No dia 29 de maio de 1919, uma expedição do Observatório Nacional (ON) enviada a Sobral, no interior do Ceará, registrou, em uma série de fotografias astronômicas, o eclipse total do Sol. Trata-se de uma rica coleção de fotografias, a maior parte dela inédita, disponíveis nas placas de vidro em que originalmente foram produzidas e reveladas ou reproduzidas, todas depositadas na Biblioteca do ON. É dessas fotos que este artigo se ocupará.

Não custa lembrar que a expedição inglesa instalada em Sobral para a observação desse mesmo fenômeno obteve suas próprias fotografias, as quais foram utilizadas na comprovação da teoria da relatividade geral de Einstein. O eclipse de Sobral, que em 2019 completou cem anos, ganhou visibilidade pública e atenção especial dos astrônomos e historiadores das ciências principalmente por causa da expedição inglesa. No entanto, a coleção de placas de vidro da expedição do ON tem grande importância científica e histórica, entre outras razões porque foram as primeiras fotografias bem-sucedidas da coroa solar obtidas por astrônomos brasileiros.

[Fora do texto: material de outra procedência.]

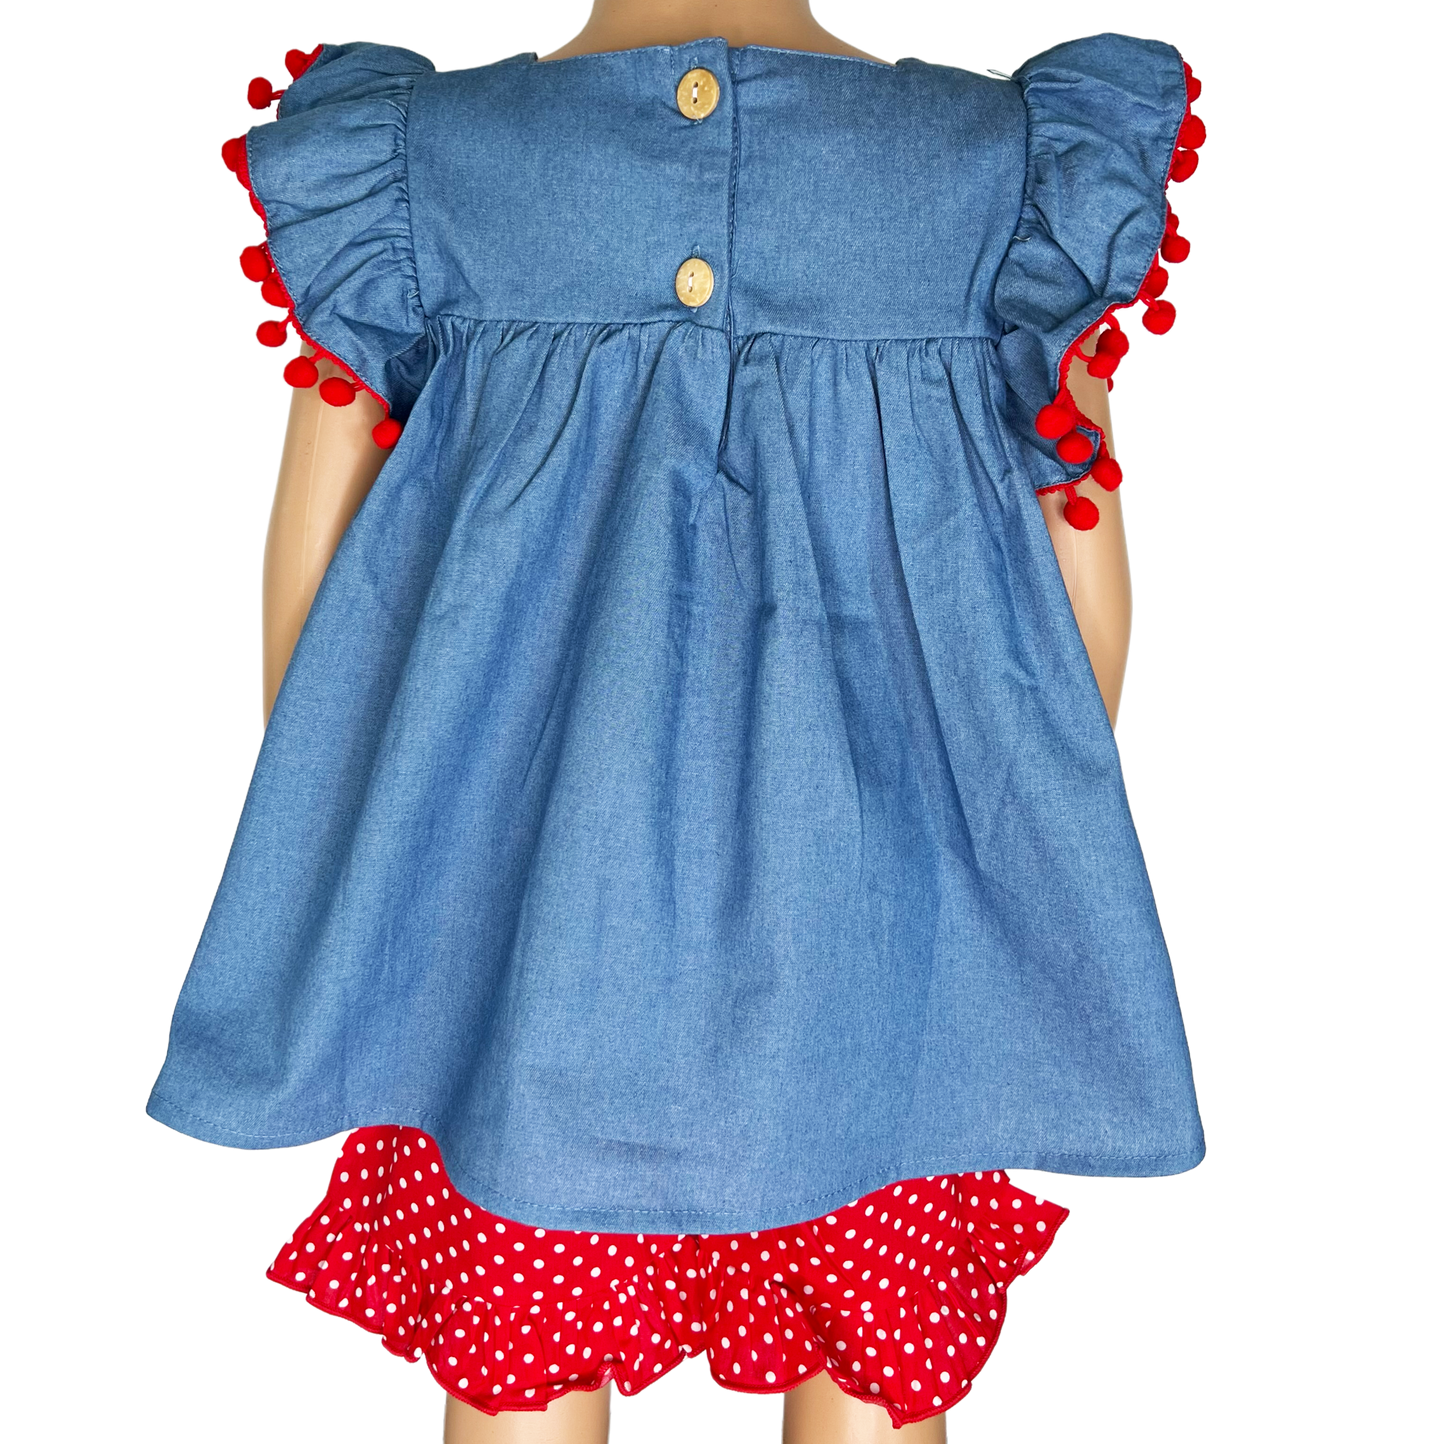 Girls Blue Chambray Apple top with Red polka Dot Ruffle Shorts Back to School

A aplicação científica da fotografia na astronomia

Quase imediatamente após o anúncio da invenção da fotografia, em 1839, e durante todo o século XIX, cientistas de diversas áreas do conhecimento investiram em pesquisas para compreender e se apropriar dessa revolucionária forma de produção de imagens, contribuindo assim para o desenvolvimento de novos materiais, equipamentos e processos fotográficos. A própria origem da fotografia resulta da convergência entre conhecimentos e práticas nos campos da óptica (como a câmara escura) e da química (na busca de substâncias, de um lado sensíveis à luz, e de outro, capazes de revelar e fixar a imagem formada, como o vapor de mercúrio e o cloreto de sódio, empregados por Daguerre) (Peres, 2014; Rouillé, 2009).

Os astrônomos logo perceberam o potencial da nova ferramenta (Lankford, 1984; Thomas, 1998). O astrônomo inglês John Herschel (1792-1871), por exemplo, realizou diversos experimentos com a câmara escura e depois com a fotografia, vários deles em colaboração com William Fox Talbot (1800-1877), contemporâneo de Daguerre e também identificado pela historiografia como inventor da fotografia – ao contrário de Hercule Florence (1804-1879), raramente citado (Turazzi, 2008). Em 1854, Herschel encomendou a Warren De la Rue (1815-1889) o projeto de um instrumento capaz de fotografar o Sol, o qual resultaria no desenvolvimento do chamado "foto-heliógrafo", instalado no Observatório de Kew e utilizado em um programa de monitoramento das manchas solares.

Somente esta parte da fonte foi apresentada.